Everything in the data must be repeated exactly, apart from the pictures, which are left out.

START MATERIAL PROVIDED

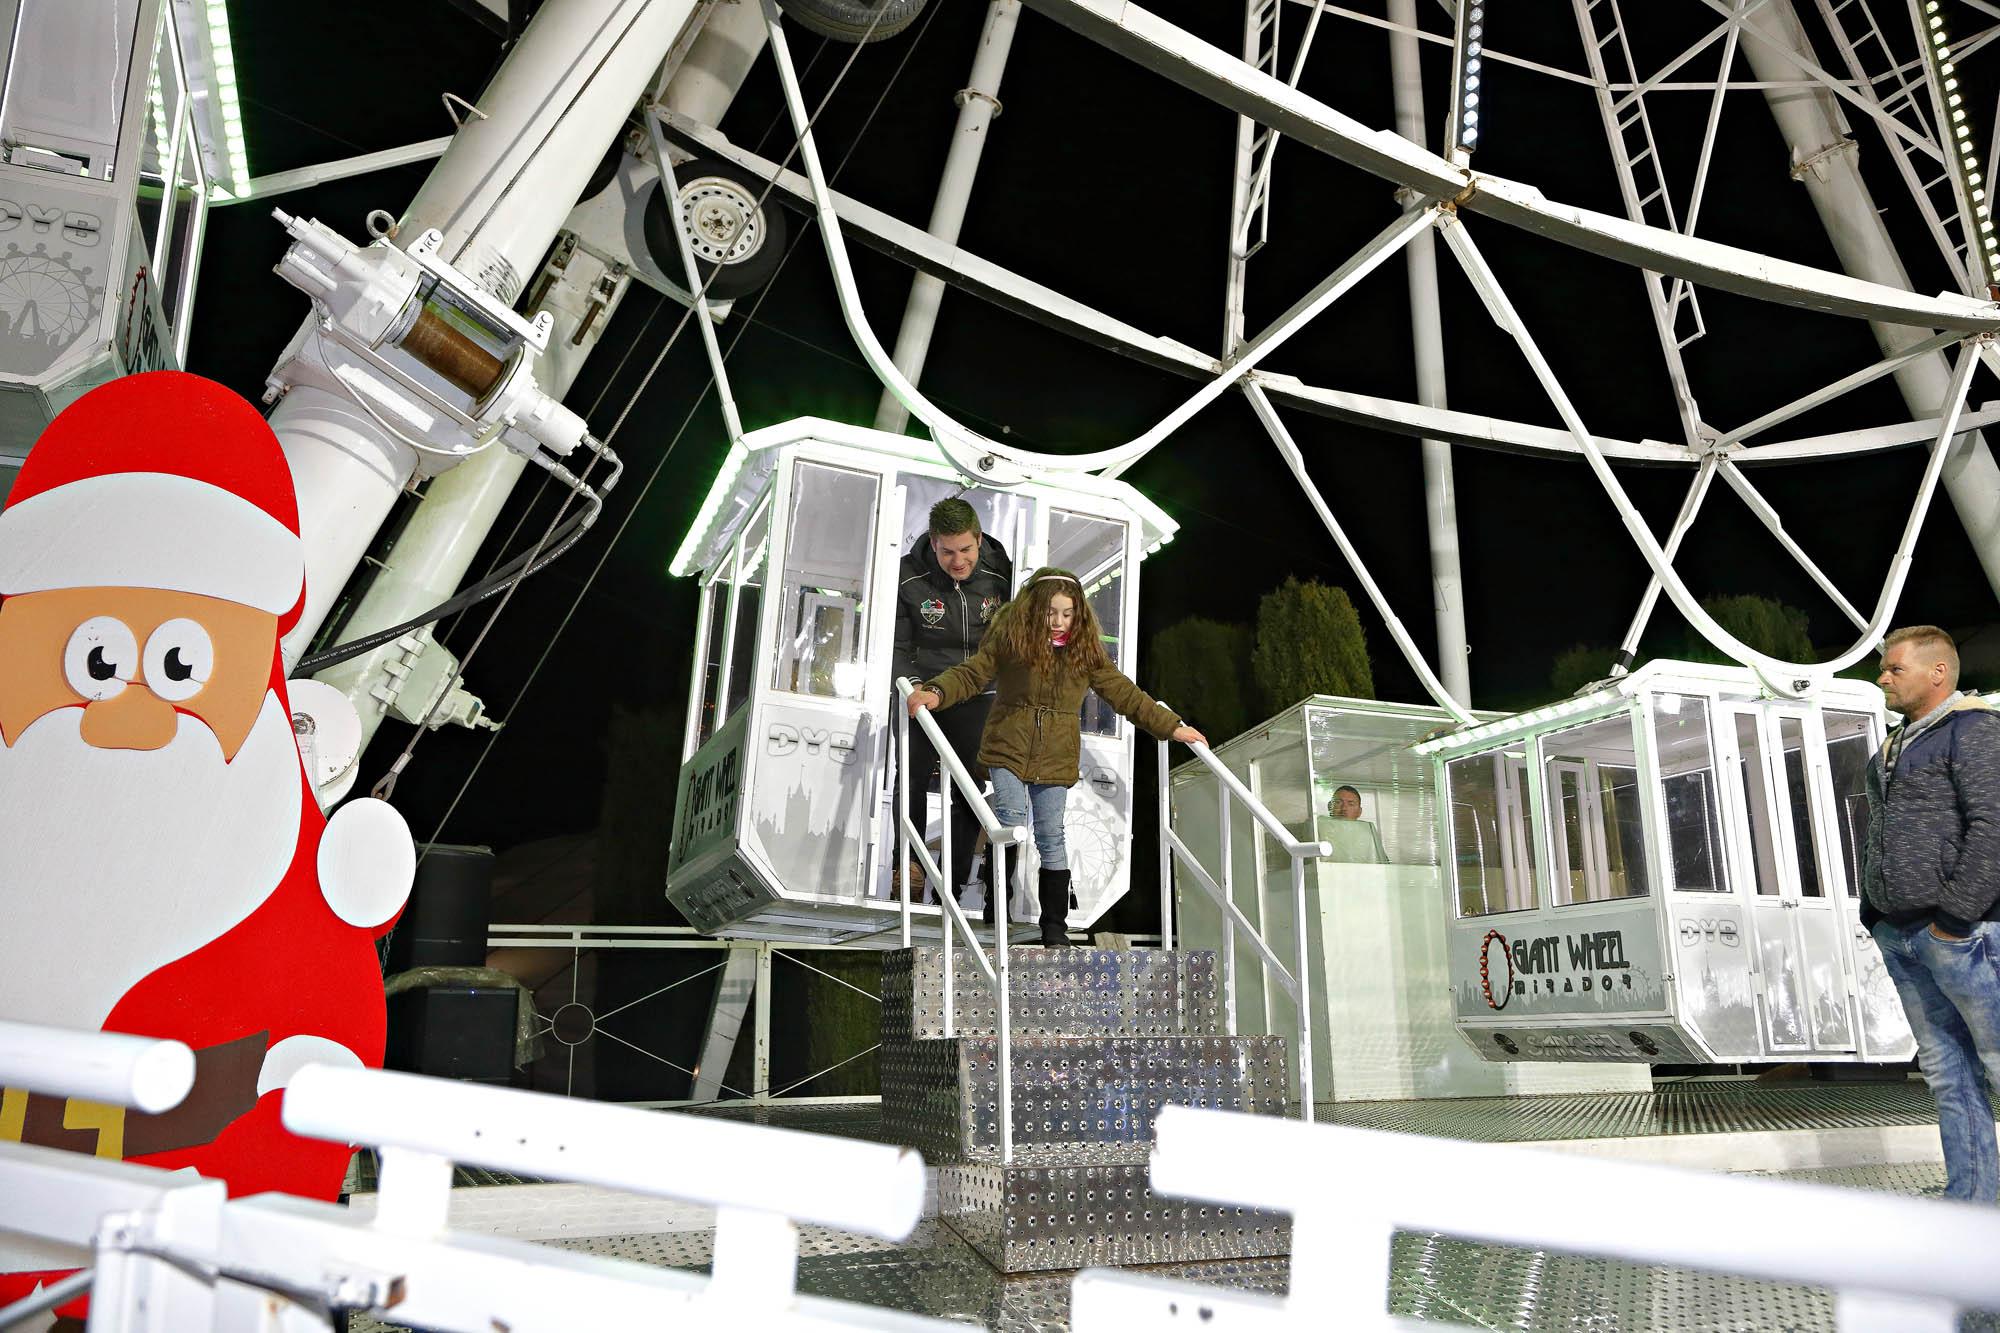 La noria del Recinto Ferial mide 40 metros de altura y ofrece vistas únicas de la ciudad.
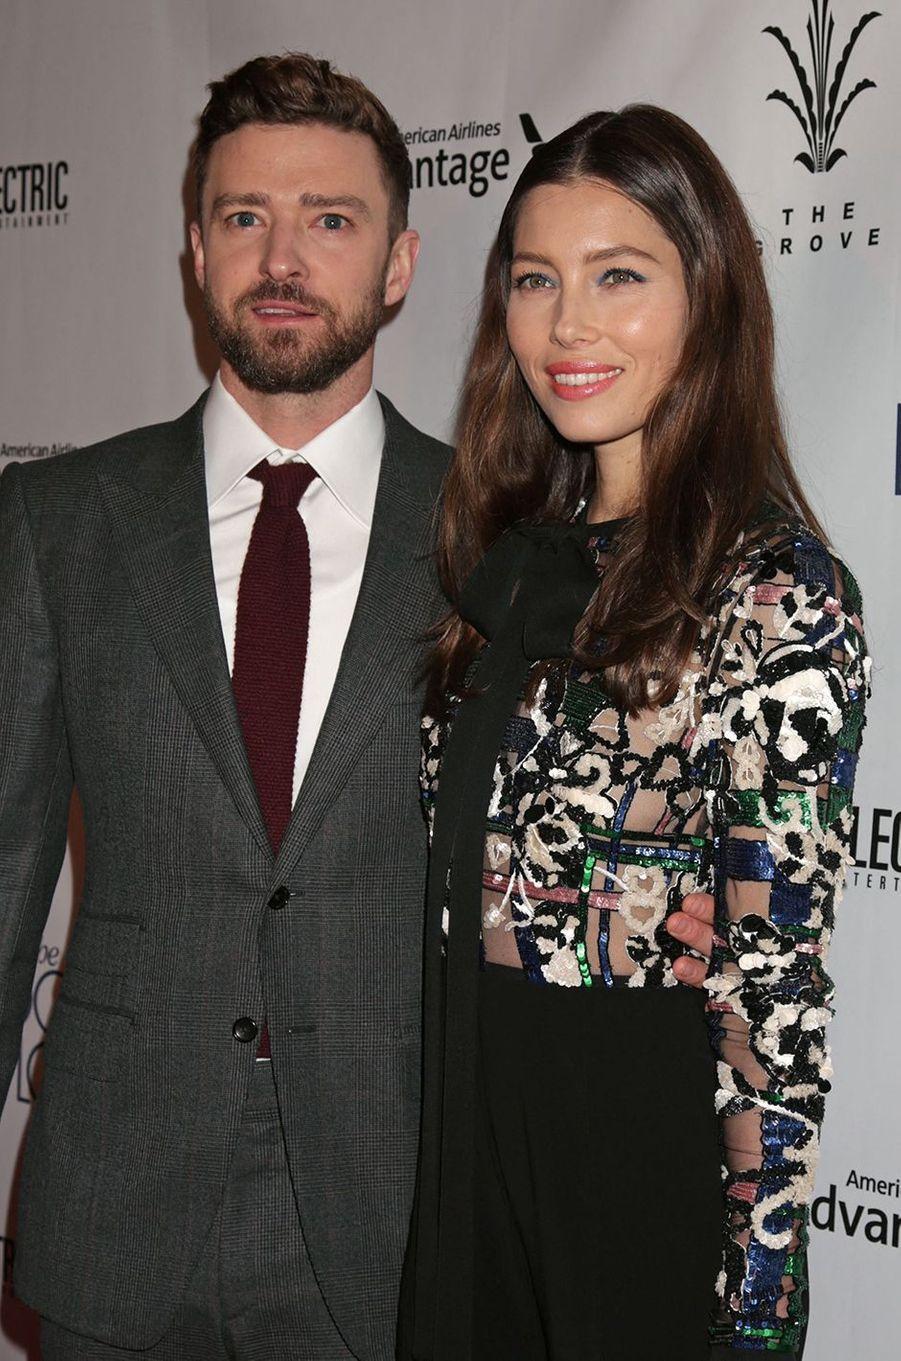 Justin Timberlake et Jessica Biel sont devenus parents pour la seconde fois en 2020. Le couple n'a pas fait d'annonce officielle, l'information ayant été confirmée en septembre 2020 par Lance Bass.
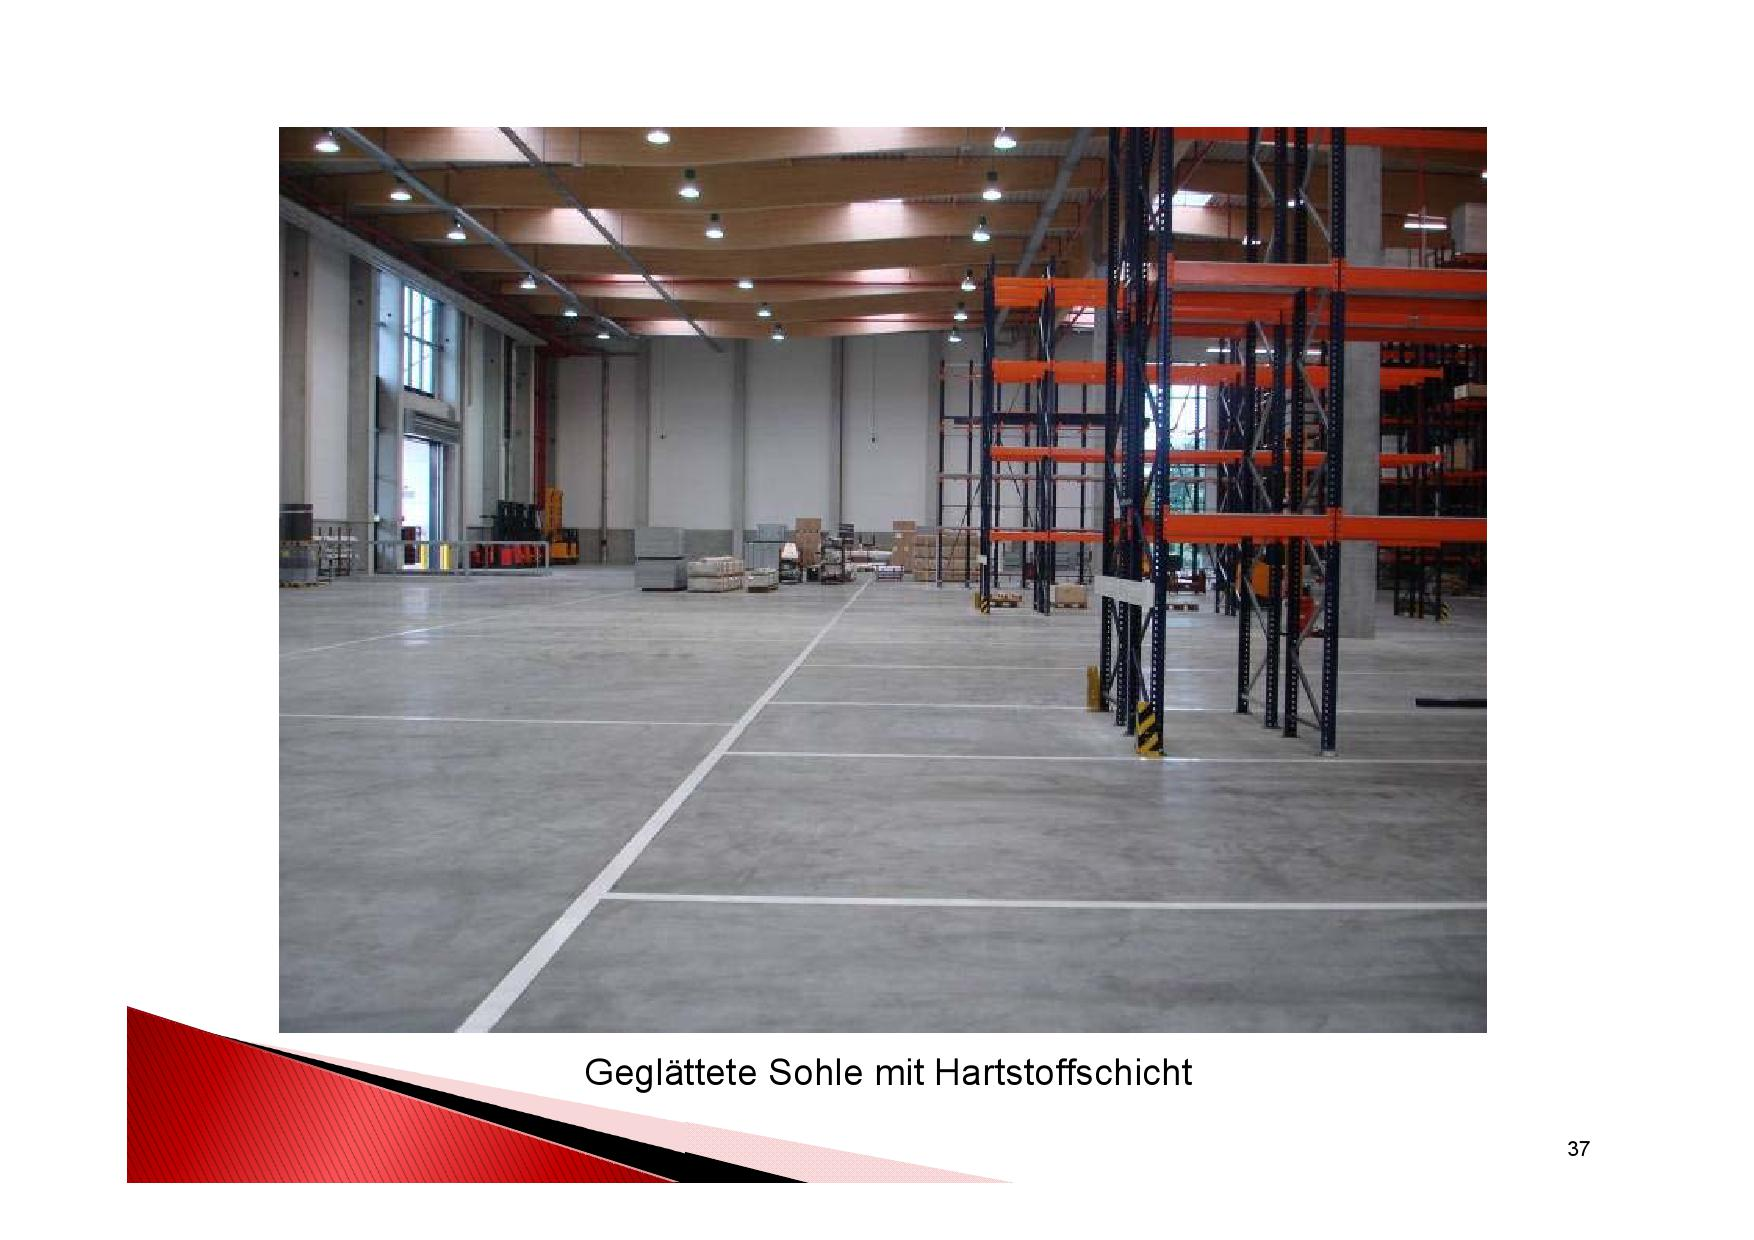 7Präsentation Einstreu Schicht Haftbrücke Fugen März 2013 pdf_000037
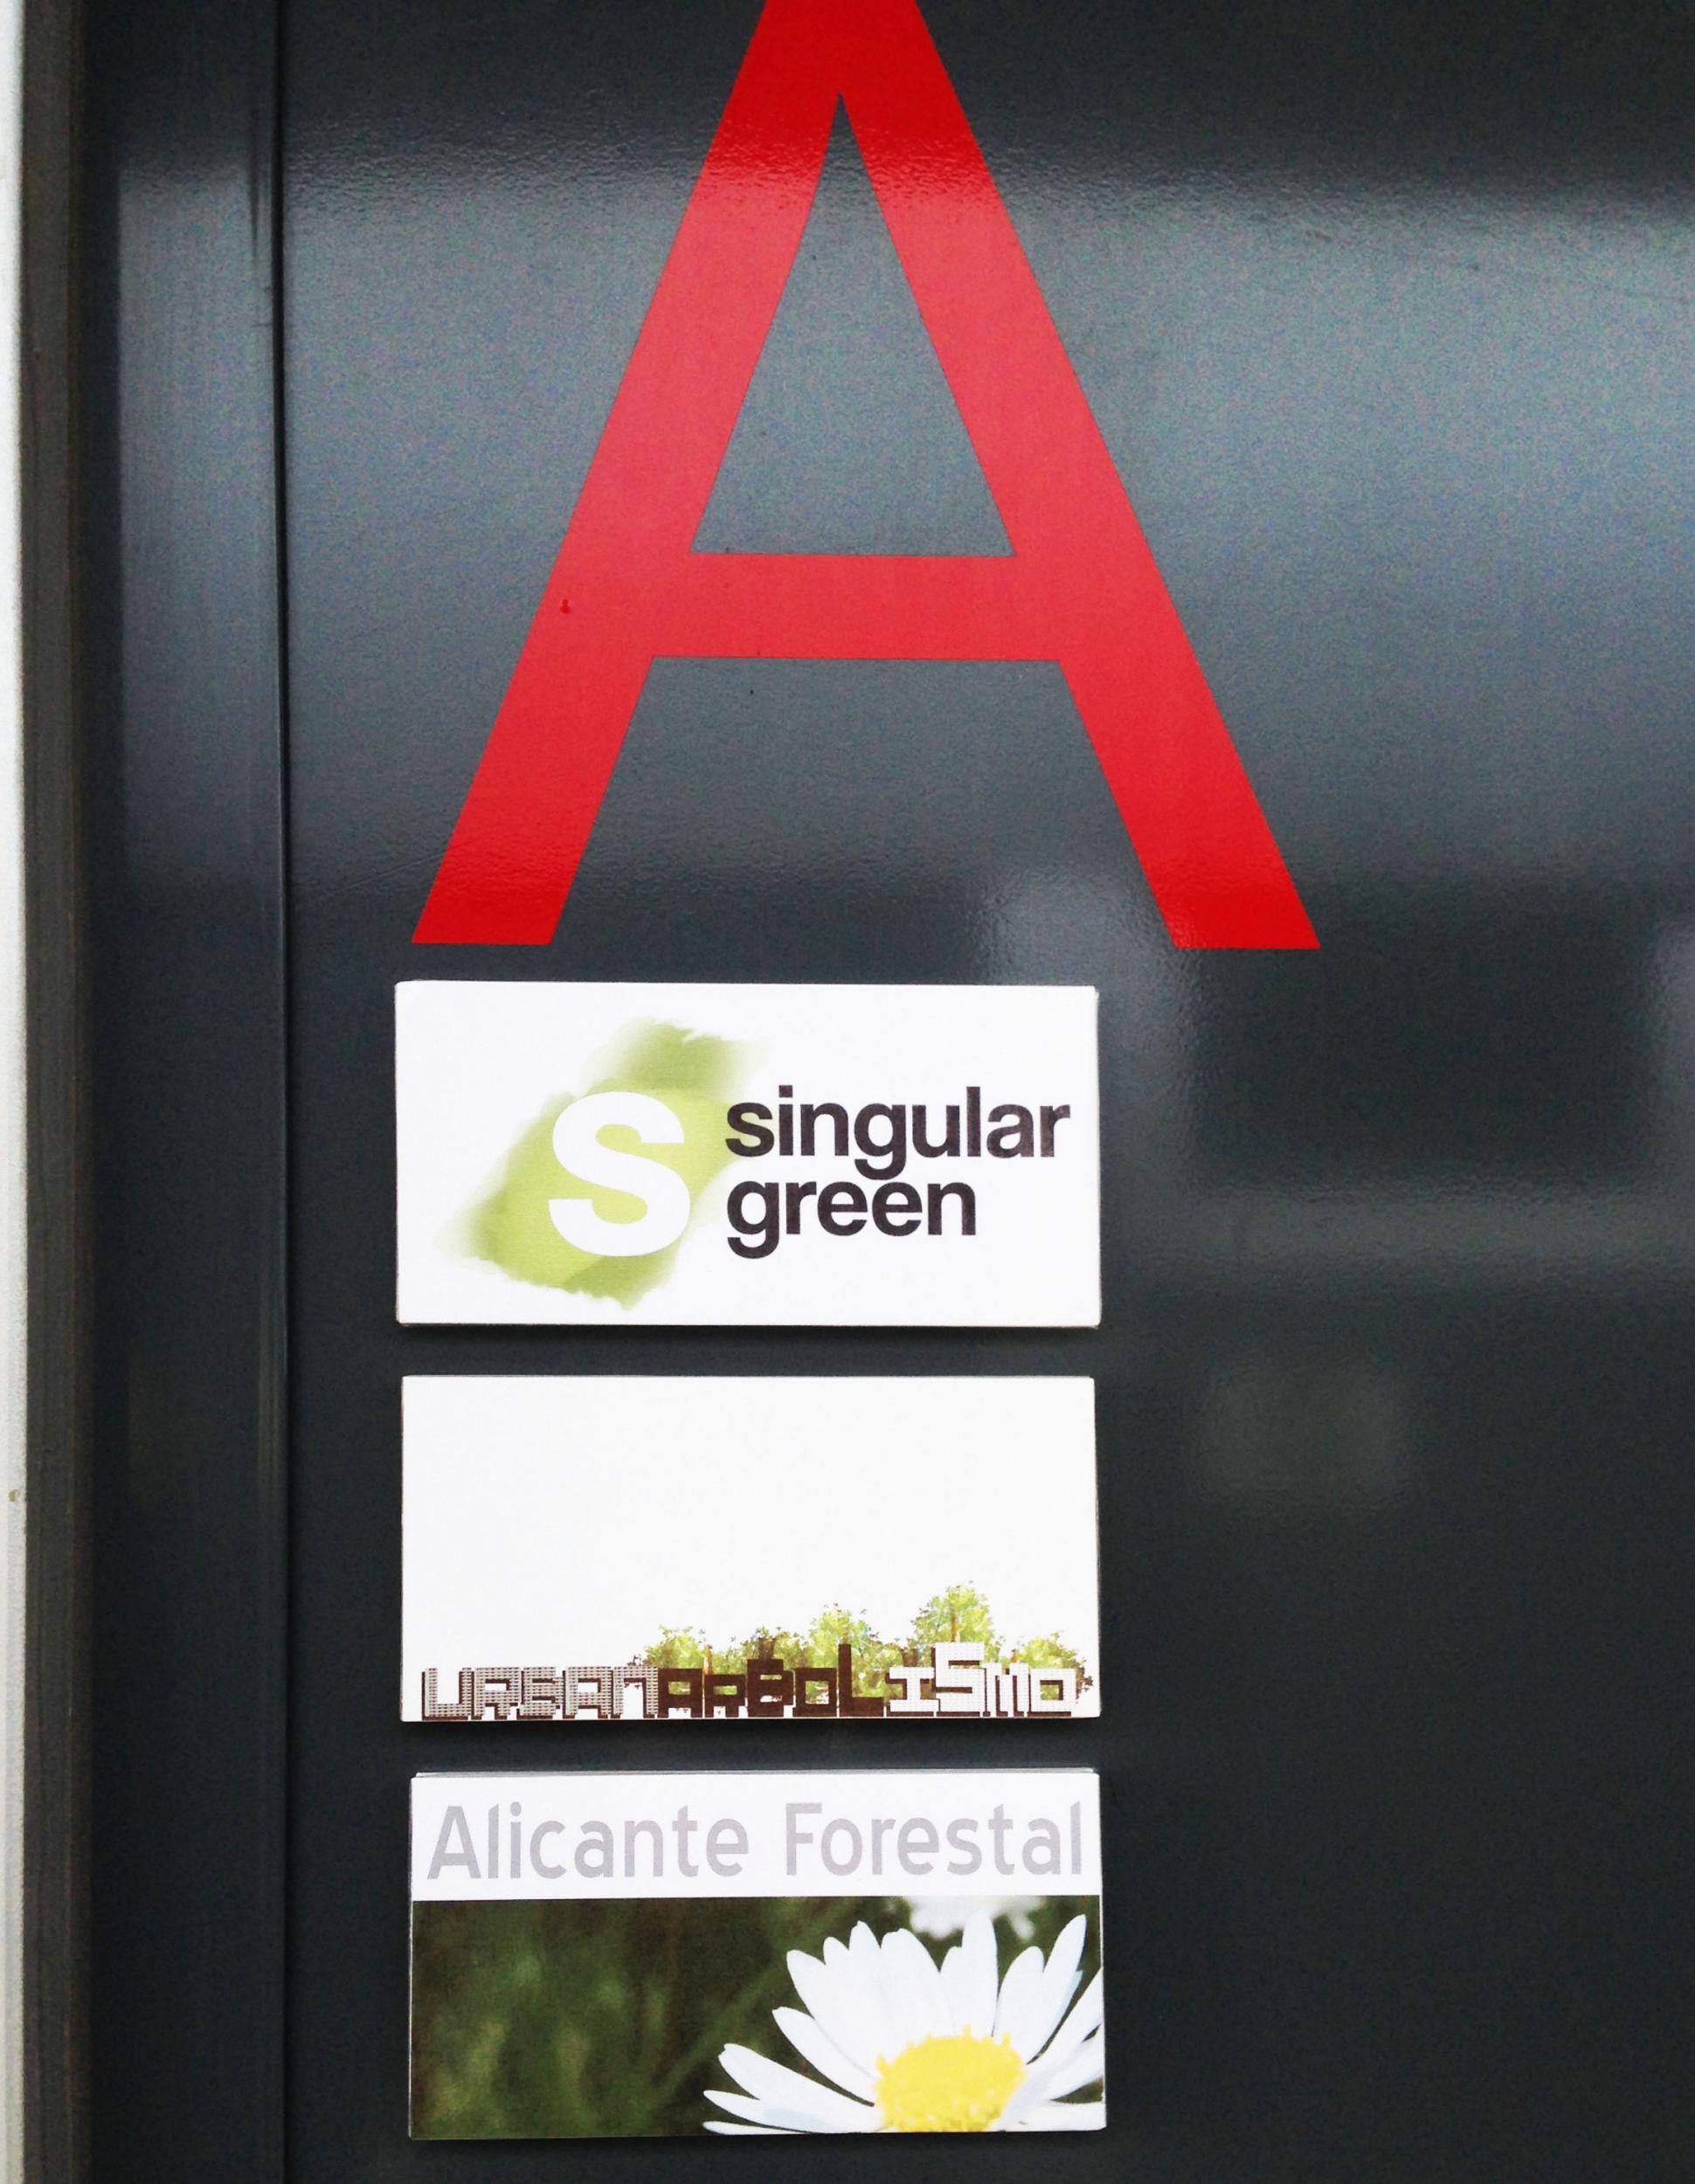 SingularGreen, Urbanarbolismo y Alicante Forestal

END MATERIAL PROVIDED

▶ _TASK OUTPUT_
 La noria del Recinto Ferial mide 40 metros de altura y ofrece vistas únicas de la ciudad.
 Justin Timberlake et Jessica Biel sont devenus parents pour la seconde fois en 2020. Le couple n'a pas fait d'annonce officielle, l'information ayant été confirmée en septembre 2020 par Lance Bass.
 7Präsentation Einstreu Schicht Haftbrücke Fugen März 2013 pdf_000037
 SingularGreen, Urbanarbolismo y Alicante Forestal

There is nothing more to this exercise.